The experiments in “Method development” section reveal that the use of 10% methanol by volume as co-solvent to scCO2 was the most suitable combination. In this context, triplicates were taken to test performance of the method. The best experimental conditions found were methanol/scCO2 ratio of 10:90 by volume at a temperature of 60 °C, pressure 350 bars for complete removal of measurable pyrolytic OC, 59 ± 3% OC removal, and 78 ± 16% EC recovery using subsamples taken from filter 5. It was found that one out of three replicates slightly deviated leading to a high relative standard deviation of percentage EC recovery. A non-uniform distribution of particulate matter over the filter may be one of the reasons. In comparison to other wet sample pretreatment methods, the scCO2-methanol method is faster (i.e., 20 min) for the removal of OC including pyrolytic OC. The potential of the technique can be explored with more knowledge of chemical structures of different compounds constituting OC. The EC recovery (≈80%) was also comparable to other thermal and wet methods [28, 9, 29].

Conclusion and outlook

A sample pretreatment method using supercritical CO2 was developed for the isolation and estimation of EC by TOA. The method was applicable for the removal of ≈60% OC including pyrolytic OC while retaining a large fraction of EC (i.e., ≈80% EC recovery) in ambient aerosol samples. Use of scCO2 with and without methanol as co-solvent is environmentally green and the performance of the method is higher than other wet methods in terms of time, percentage removal of OC including pyrolytic OC and percentage EC recovery. The method was successfully applied to ambient aerosol samples. The method needs to be tested for source-specific samples, e.g., samples from combustion of biomass and fossil fuels. The beauty of scCO2 method lies in the fact that the sample pretreatment method can be fine-tuned by means of mild temperature, density and co-solvent for unique samples collected from certain sources of emissions.

Due to the molecular complexity of OC and the effects of emissions and atmospheric chemical transformation on chemical composition of atmospheric aerosols, an ideal solvent/fluid should dissolve different classes of organic compounds with different functional groups and polarities. Since none of the known solvent/fluid possesses such dramatic properties, complete isolation of EC has not been achieved by insolubility so far. In this connection, a two-step method for the isolation of EC from OC is proposed by coupling the scCO2 sample pretreatment to thermal treatment like other contemporary methods. After the removal of ≈60% OC from ambient aerosols samples by scCO2 and 10% methanol, the remaining OC can be combusted by TOA protocols with no interfering pyrolytic OC. Once all the measureable OC is removed, the TOA protocol can then be stopped and the obtained EC can be used for 14C analysis.
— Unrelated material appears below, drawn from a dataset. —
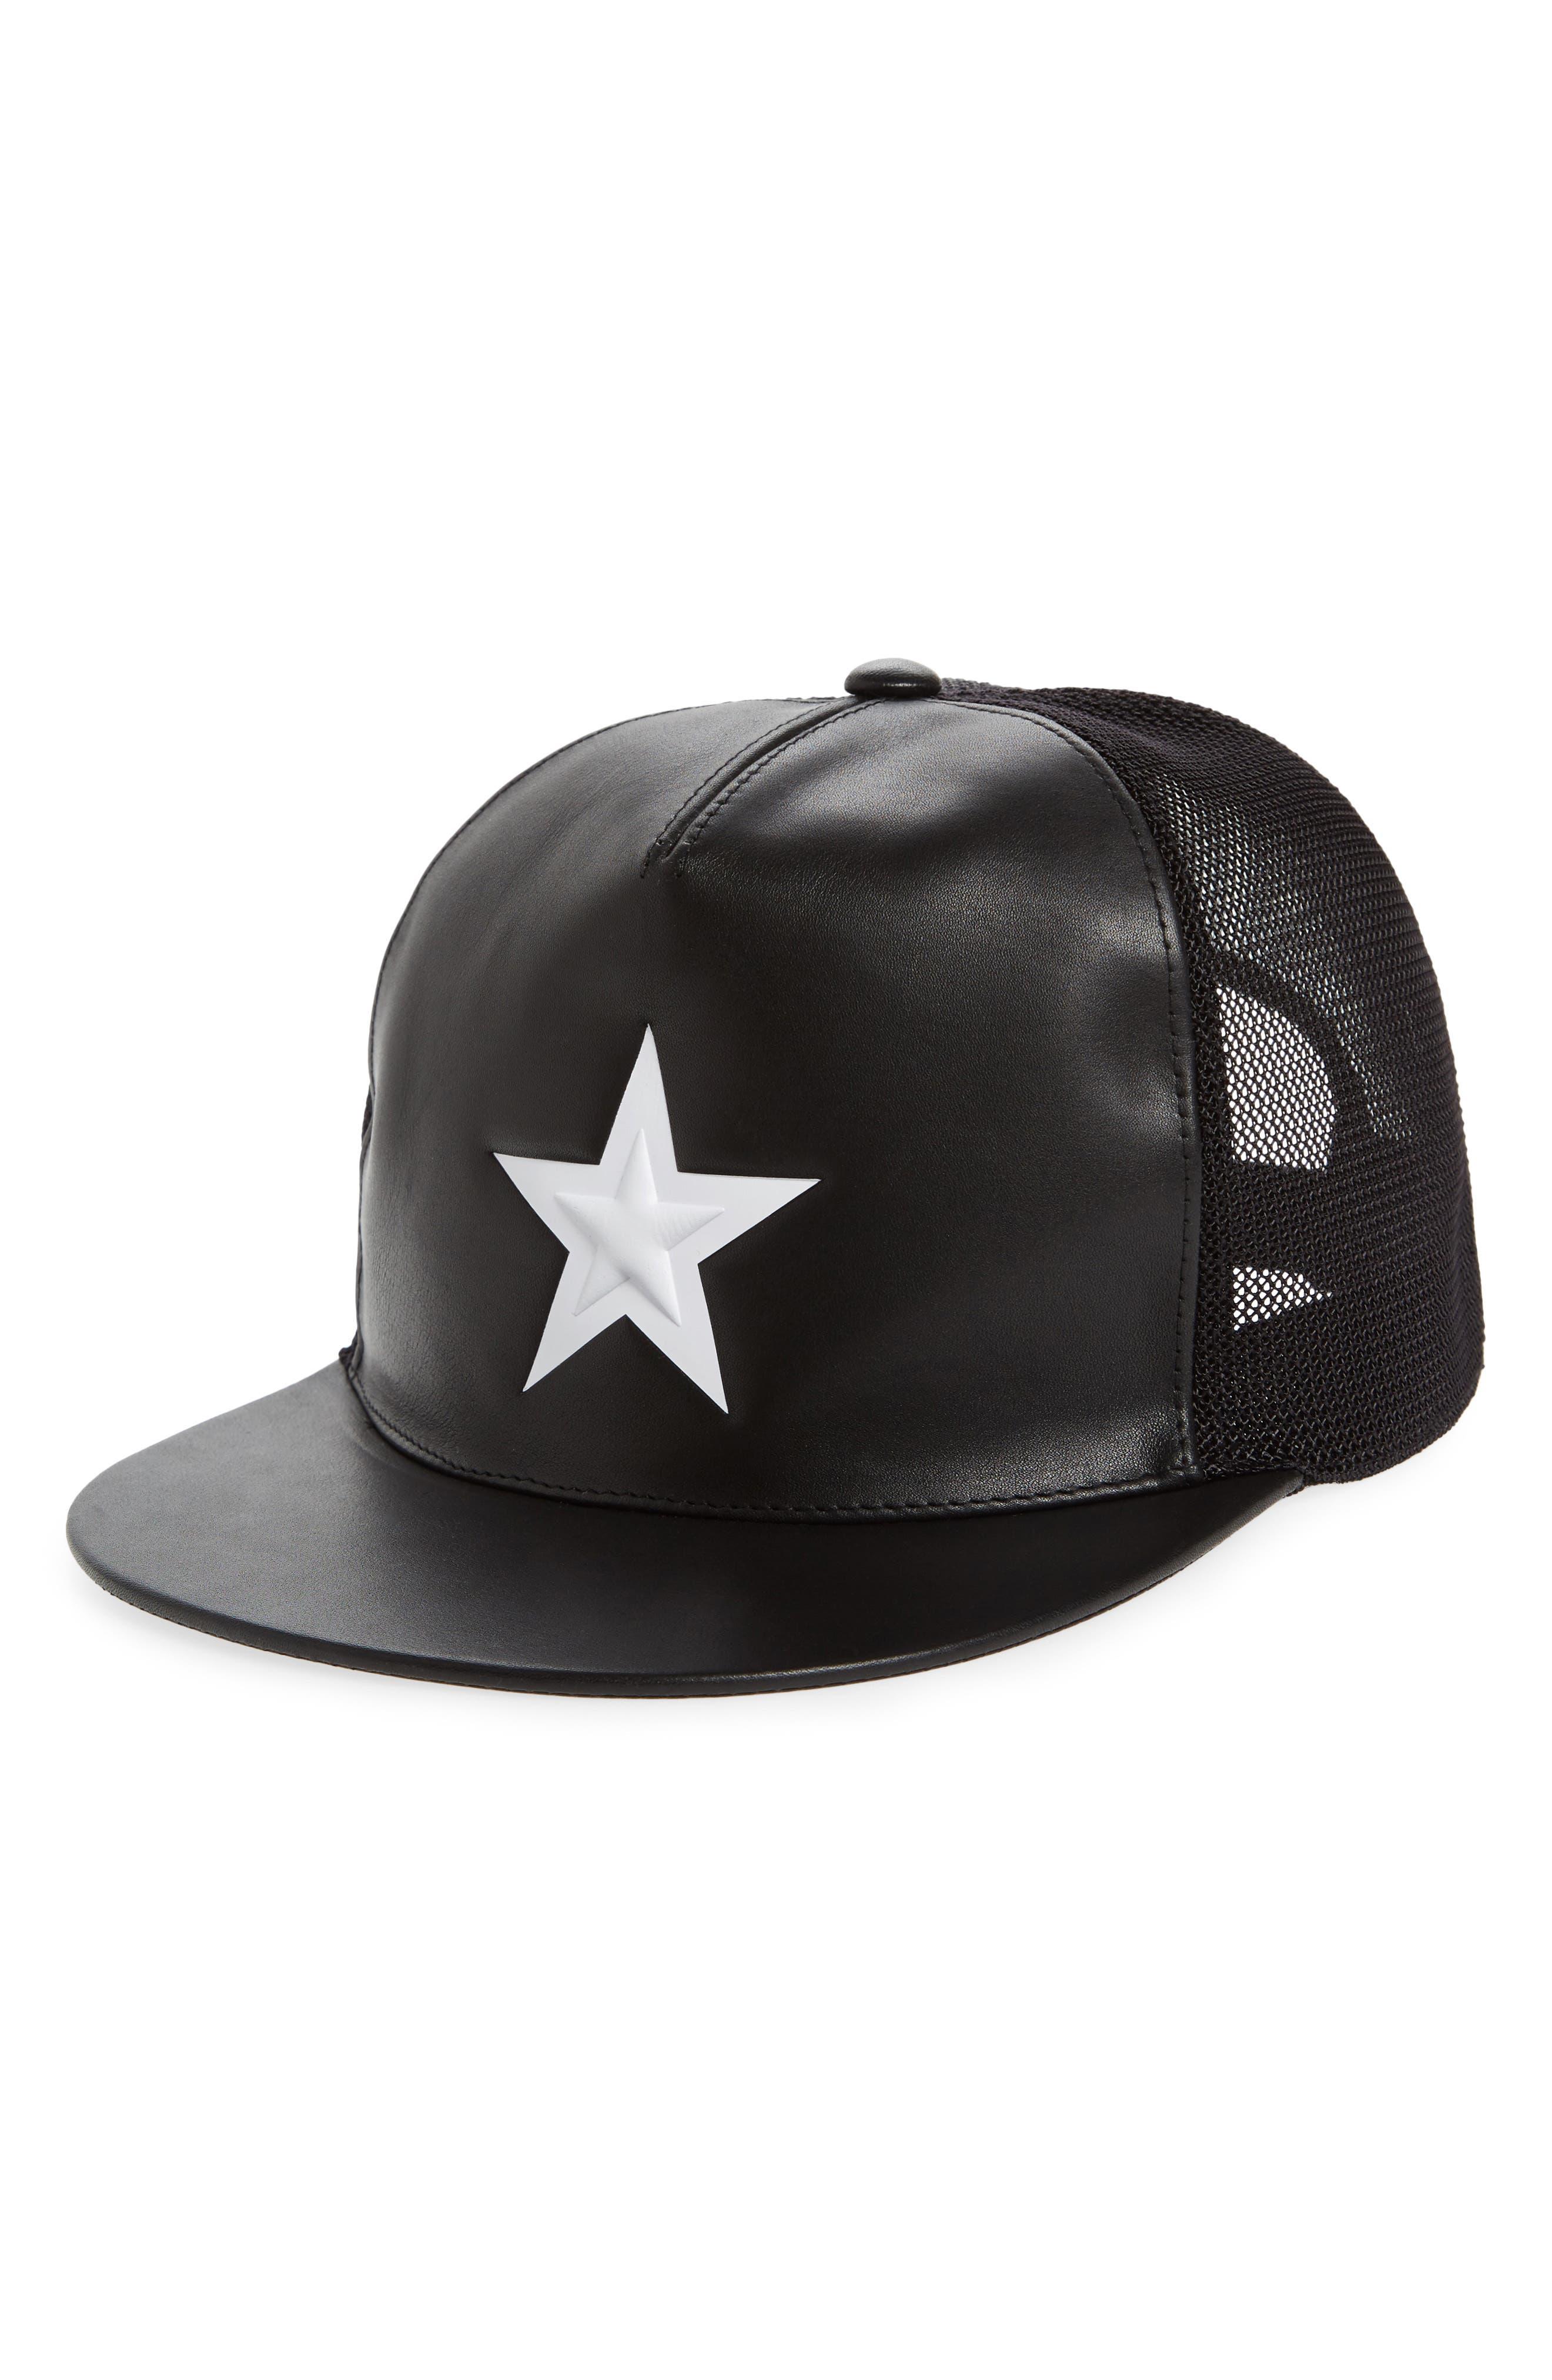 Star Leather Trucker Cap,                             Main thumbnail 1, color,                             Black/White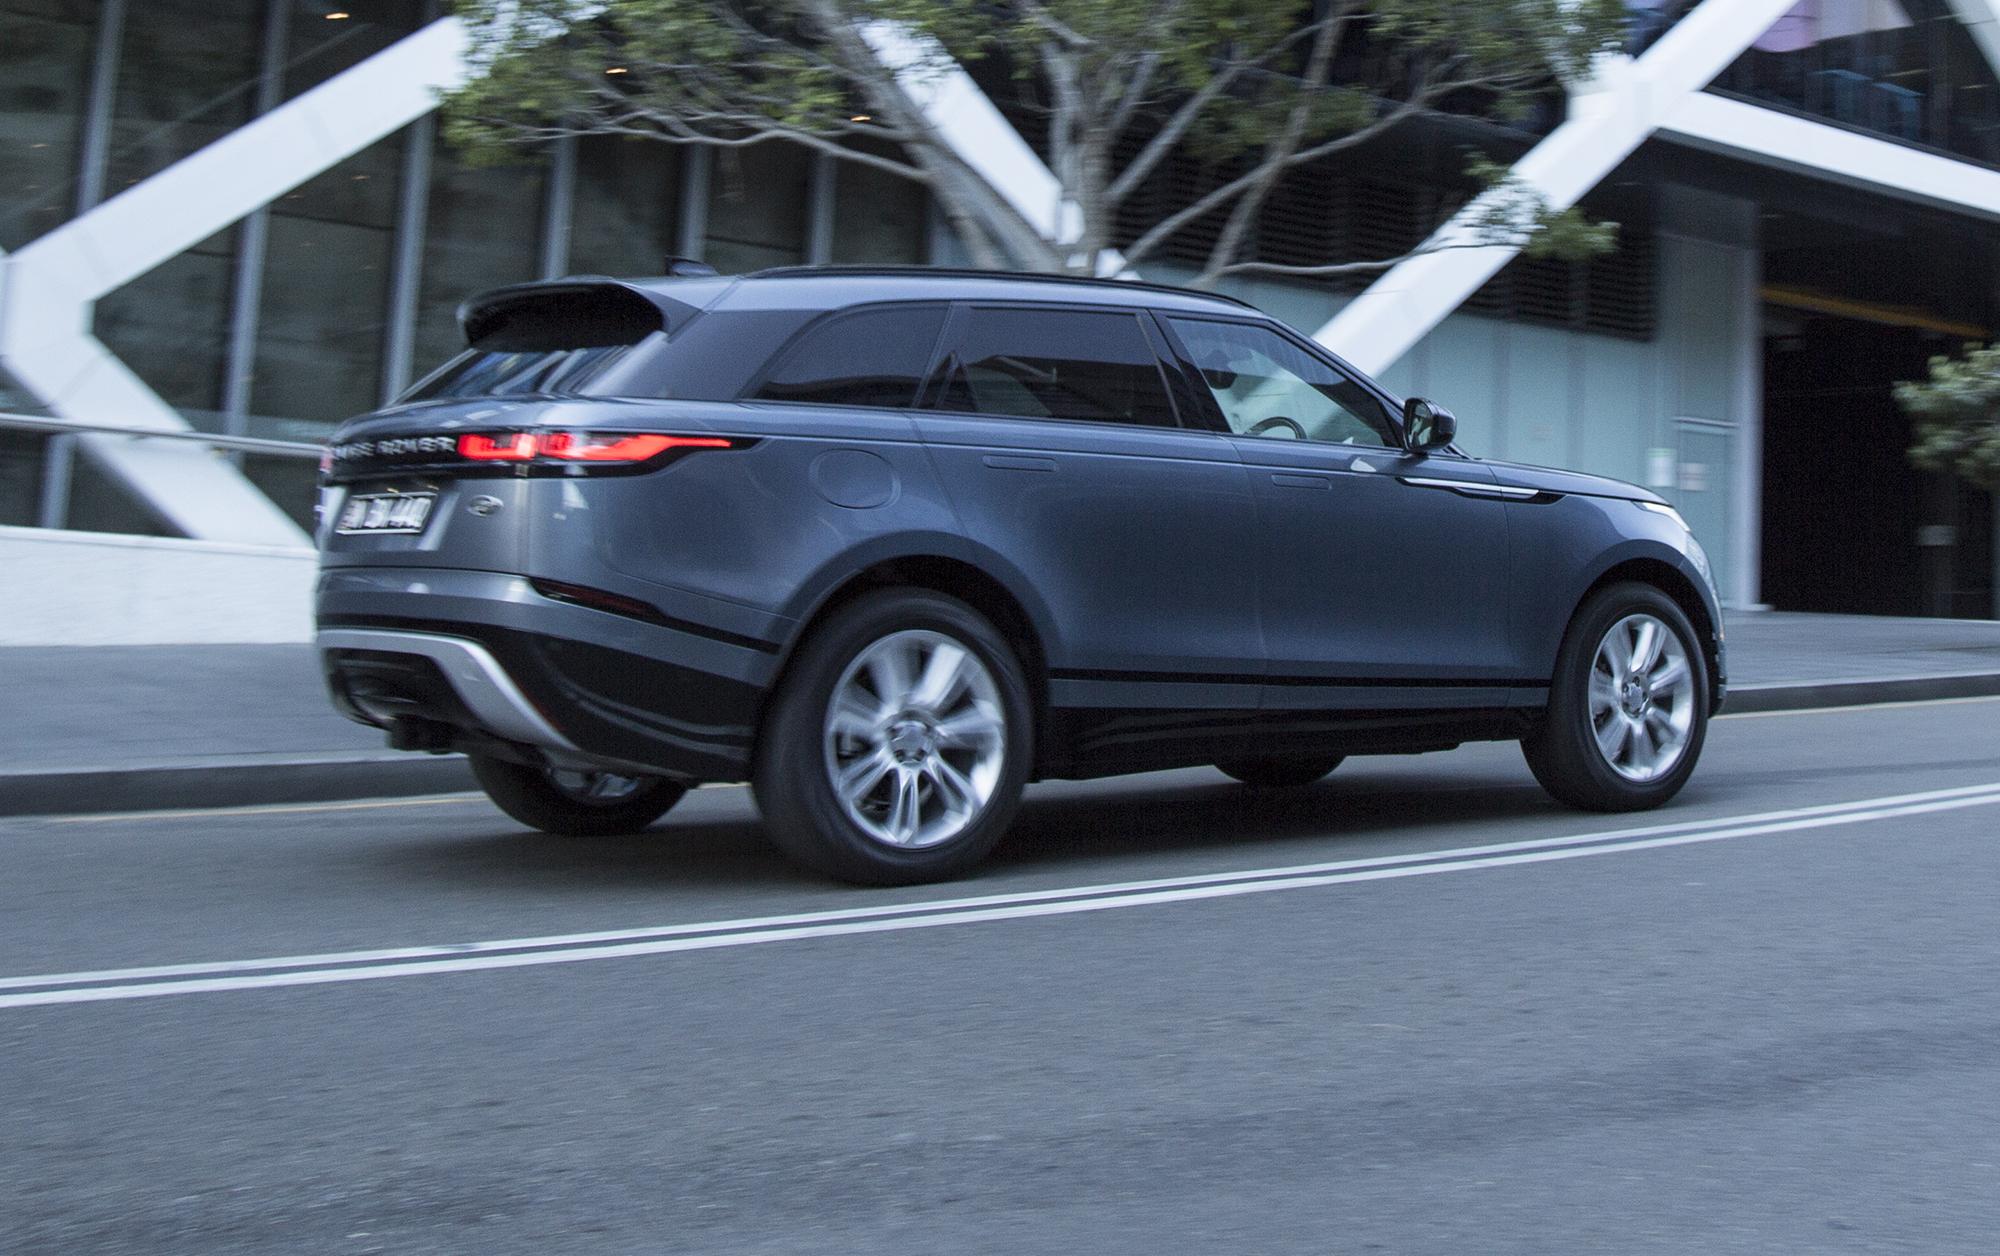 Range Rover Sport Svr 2018 >> 2018 Range Rover Velar SE D240 diesel review - photos | CarAdvice

The proposed method has potential to be used prior to 14C analysis of ambient aerosol samples (to avoid pyrolytic OC to be analyzed as EC). Although, due to the fact that scCO2 turns into its gaseous form by releasing pressure (at the end of the process) which minimizes the risk of contamination, further studies are needed to test the applicability of the method and whether the method contaminates the recovered EC with carbon from scCO2 and/or methanol or not. The method is presented as a proof of concept with potential of fine-tuning the solvent properties that can be used for pyrolytic OC free sample preparation and for the estimation and isolation of EC.